If we go beyond the EU borders, there are at least TWO areas of heavy friction I see. One is Ukraine. Their currency is weak and produces distrust in their own citizens. If the population of the country (which trades a lot with the EU) were to decide that they feel safer using digital Euros, (also due to remittances from immigrants) the government would probably NOT be able to stop them. And he probably wouldn't even want to. But the irritation of the Russians would be great. The Moldovan economy, being fragile, would also be easily overwhelmed.

The other crisis zone I see is the British archipelago. If we take Scotland, where independence movements are plebiscite, a large-scale adoption of the digital euro for payments could irritate the Crown, but on the other hand, banning the Euro when you have a stock exchange that works for Forex would be unthinkable. . Also in this case, we must ask ourselves how the arrival of the digital Euro can impact political relations.

Northern Ireland, which ideally should remain with the Pound after Brexit (but trade with Ireland is mainly in Euros) would be another major point of irritation.

Catalonia could also benefit from this. If they secede, they could simply switch to electronic money, and let the digital euro become de facto money. One less obstacle to independence.

If we enter the Mediterranean area, we see other notable monetary problems.

For one thing, there are free-falling coins like the Turkish lira. The Turks would pay to be able to instantly convert their lire into euros: the value of their savings is plummeting. Of course, the very rich Turks have already done it, but if this possibility became absolute and universal, the Turkish lira would hardly resist the impact. In addition there would be the remittances of millions of Turkish workers in Europe who would inevitably leave banks and money transfers to avoid transfer fees.

Still under the heading of migration, there are French remittances to Algeria and the fact that with the crisis the Maghreb coins (Morocco the only one excluded) are quite unstable. (Is there still a currency in Libya?). Here, too, the transition to a stronger currency would be difficult to stop.

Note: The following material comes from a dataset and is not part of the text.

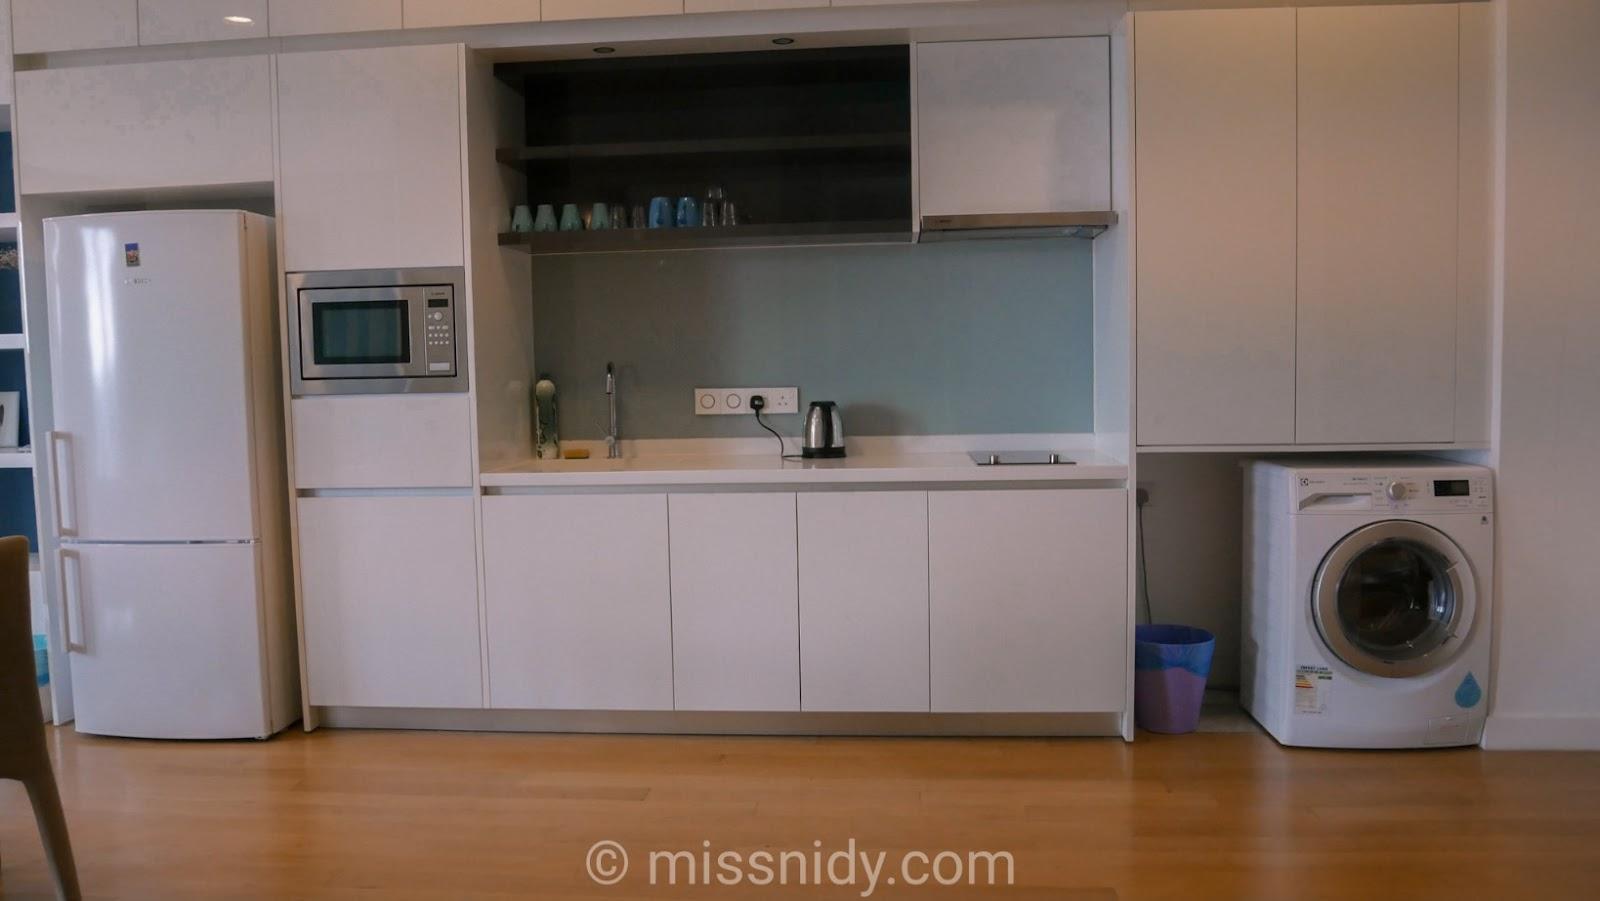 apartemen dengan dapur di kuala lumpur malaysia

Another problem is the state. In countries that control citizens a lot, many would like to have a currency that is outside the influence of their government. What does it mean?

Presumably this stablecoin will not share the entire ledger with anyone like bitcoin does. It would be completely against any European privacy legislation. Consequently, the only entity to have a transaction ledger will be the ECB (and presumably a copy in every central bank in the euro area, using a dedicated network). For a foreign citizen (Ukrainian, Turkish, Egyptian) who wants to hide their transactions from the local government, this would be very attractive.

By this I mean one thing: the impact of digital currency, if it becomes a StableCoin and not (as it initially seemed) a mere debit card, they are not just cheap.

They are political, and they are enormous in scope.

The economies of the US, EU and China are big enough to crush smaller economies by effectively imposing their own currency, just because the inhabitants would prefer it . I am not considering the idea of ​​creating a local currency starting from a portfolio of other virtual currencies, which would be even more stable, but also just the idea that a Turk or a Russian, afraid of the instability of their own currency, can putting your hand on your credit card and buying other currencies (and spending them locally) becomes another terrain of political and geopolitical conflict.

I don't know how World War III will be fought, but I do know that the winner will be measured in Exabytes per second.